Child Slavery Remaining A Huge Crisis Across Latin America Shocks Rotarians
Even though child labor is something that we don’t want to think about, it has been a reality in South America for years now. As we can see from different statements in the Caribbean, there are more than five million working boys and girls who have a minimum age for employment, and they are still engaged in work.
The History Of Child Labor
The majority of children work in agriculture, but still, there are numerous high-risk sectors such as dumpsites, mining, fireworks manufacturing, domestic labor, and fishing. It is a controversial topic in the United States, but in South America, these events took place a long time ago.
In many countries, domestic labor is the second largest one where only children work, mostly girls. There are lots of programs that were implemented in South and Central America so that they can find a solution for this particular issue.
At the same time, we have to understand that there are lots of boys and girls who are very unfortunate, and while poor people suffer from a lack of social services and discrimination, they are the target group for action and research.
The worst form of child labor is sexual exploitation for commercial purposes, using children in wars and armed conflicts, trafficking of children for different kinds of labor and using kids for the drug trade.
The main problem is that people who are familiar with the society with their criminal activities have people in governments who try to establish a law that allows children to work. Because crime is organized and genuinely implemented in the system, it is challenging to fight it by any means necessary.

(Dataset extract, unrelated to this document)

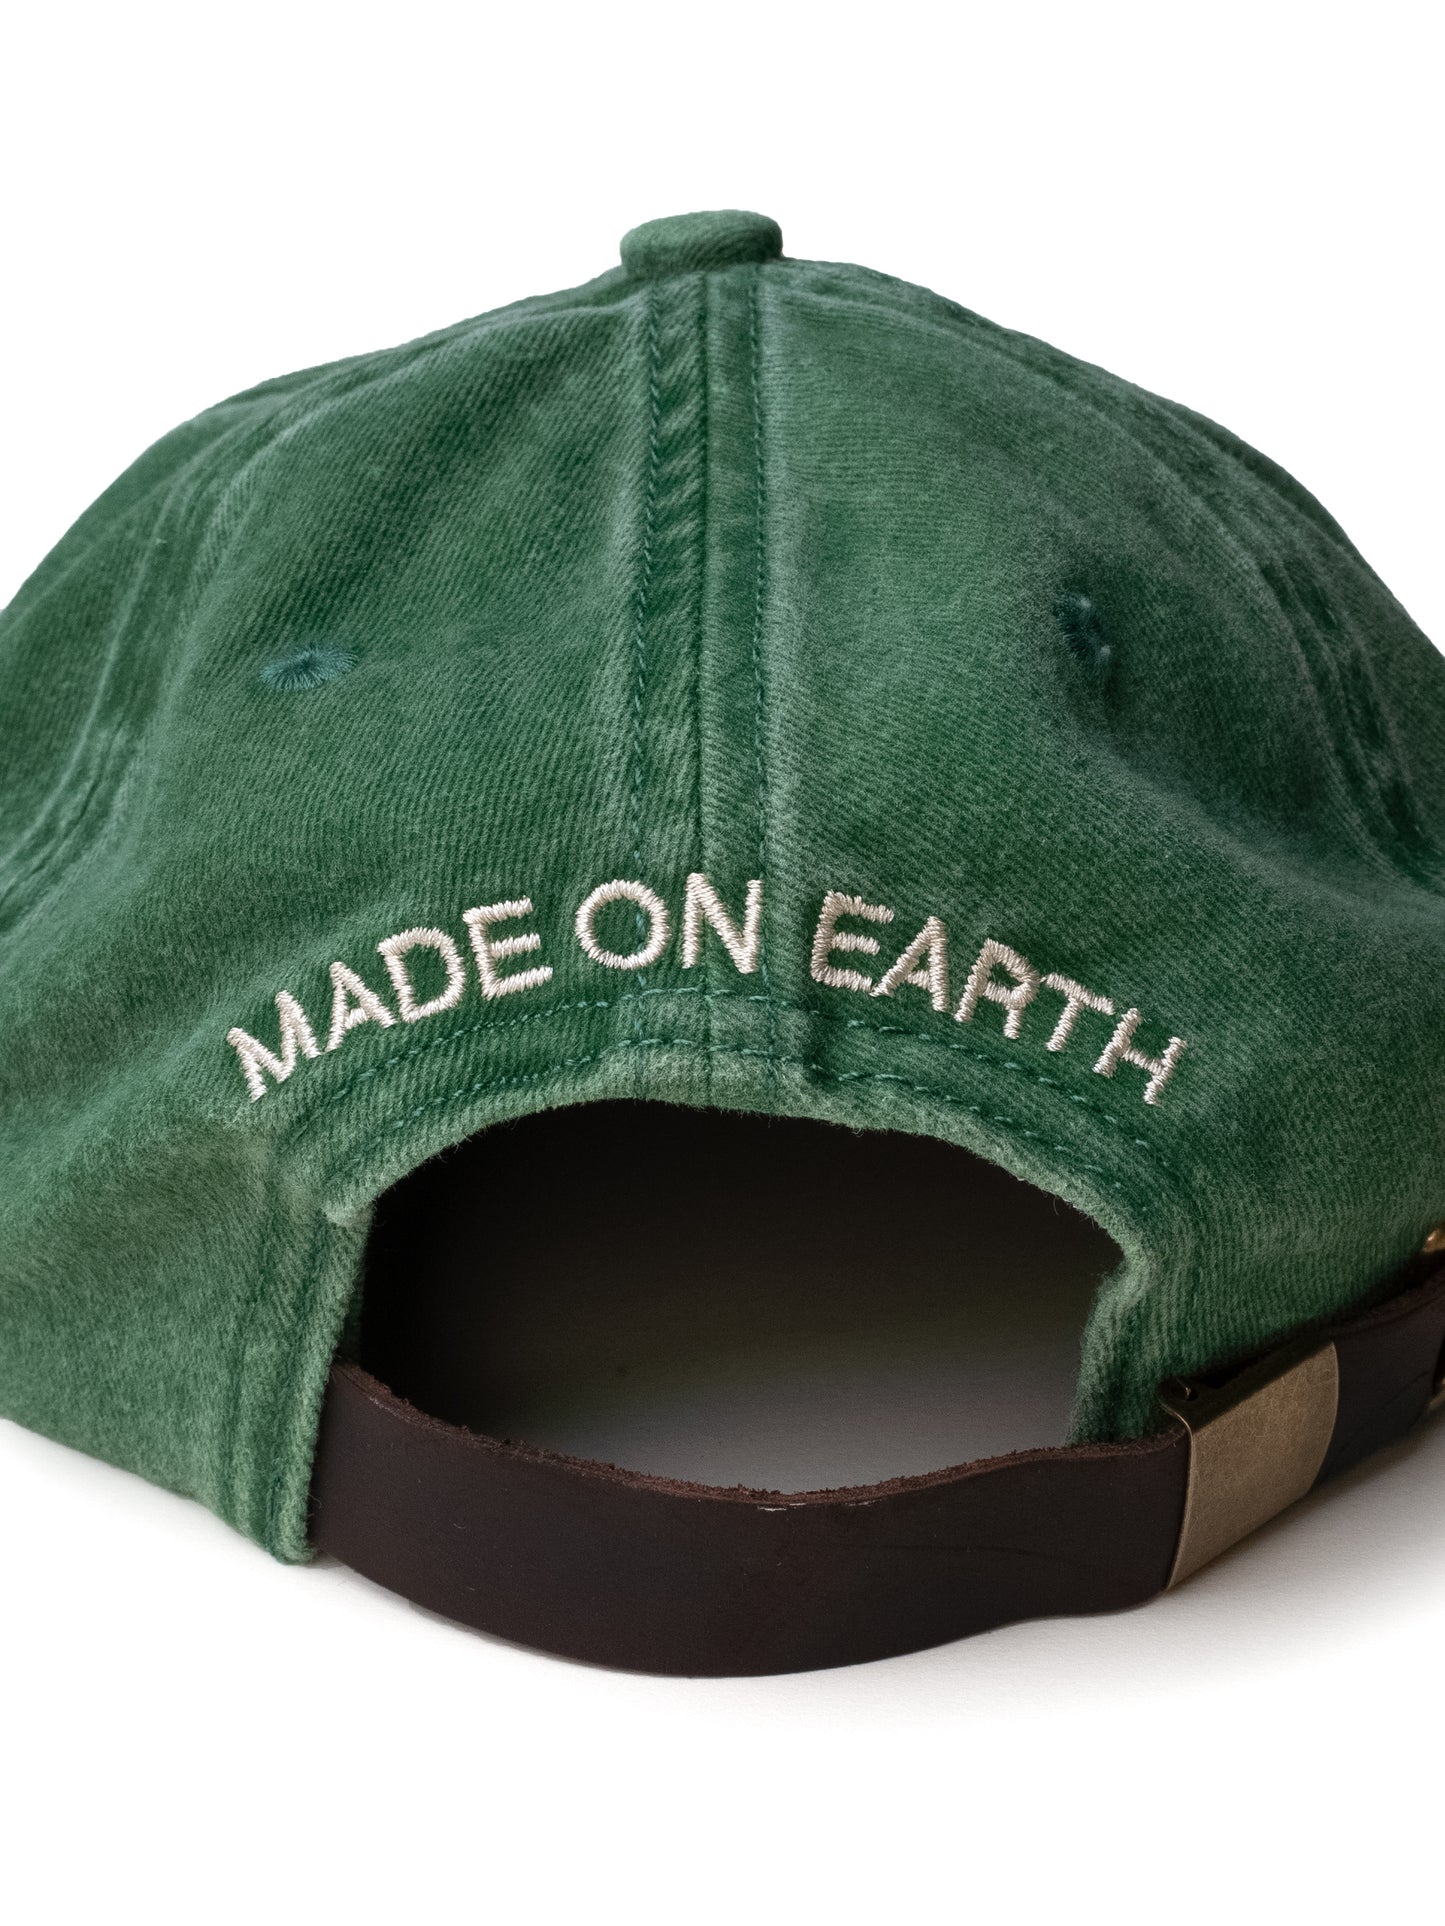 Classic Green Upside Down A Hat

At the same time, we must mention that girls are more so at risk because they are much more vulnerable to social and cultural patriarchal norma and tradition in South America. Organizations such as Rotarians are trying to develop intervention models that will address all forms of child labor to ensure any legal framework that will increase national capacities and enforce them to stop these practices.
Bolivia Congress Legalized Minor Labor
However, in Bolivia’s Congress, child labor became legal, and that is a problem that we should consider. They loosened all the restrictions and passed the resolution, which means that today, everyone can hire a child for a small wage to work within legal forms.

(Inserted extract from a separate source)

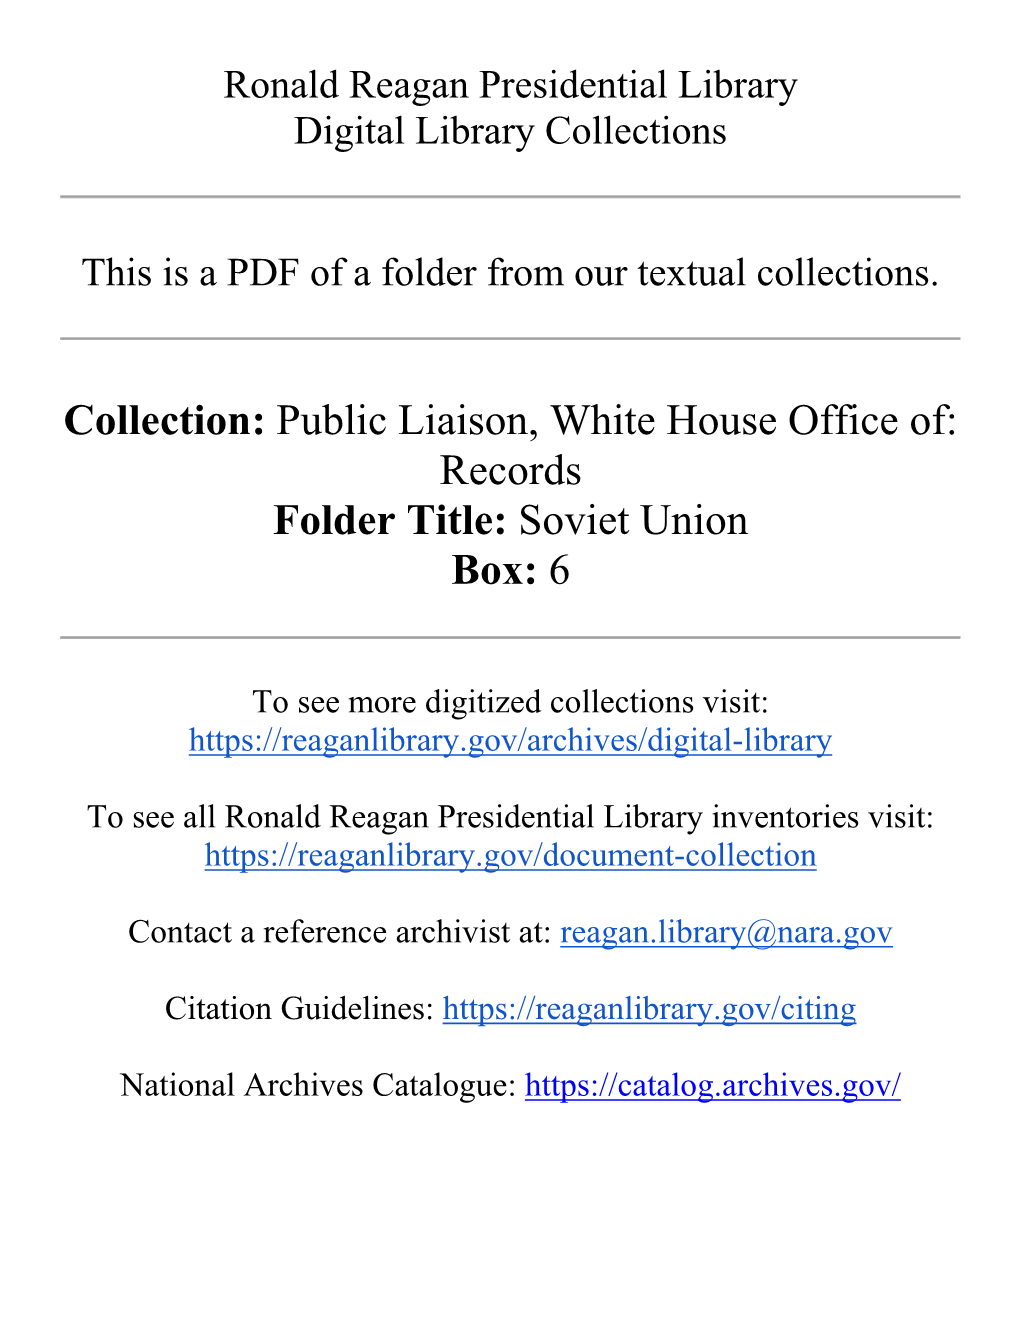 Collection: Public Liaison, White House Office Of: Records Folder Title: Soviet Union Box: 6

Bolivia renewed the idea that the new child labor law will not approach to exploitation of the youth. In Bolivia, there are millions of children who work according to ILO (International Labor Organization). That number still decreased between 2008 and 2012 by 11%, and therefore, the Government decided to tackle this particular issue.
There are approximately 12.5 million children workers, and today, South America has the same amount of child labor as the Middle East, Europe, Asia and Africa put together. The Bolivian government and Congress stated that the legislation would help recognize the issue and prevent any problems and risks that could happen.
This particular law allows children that are ten years old to work, while recommended age is still 14 according to ILO. Bolivia legislation will also mirror other countries in South America such as Columbia, Brazil, Peru and Ecuador that created some advancement in reducing child labor.
Alvaro Garcia Linera, the Vice President of Bolivia, signed a bill that created an environment for child labor. There is a change where children can work starting at ten years old with their parents and under supervision until they reach 12 years. Child workers union provided support to this kind of legalization because they believe that it will prevent exploitation in Bolivia where millions of children already work.
In Brazil, on the other hand, the Statute of the Child and Adolescent declined and prohibited the work of children younger than 14.
However, they added amendments to raise the minimum working age to 16, and in 2008, they increased it to 18.
Columbia changed the minimum working age to 15 years old, while the children must find a job inspector who will approve the work based on difficulties.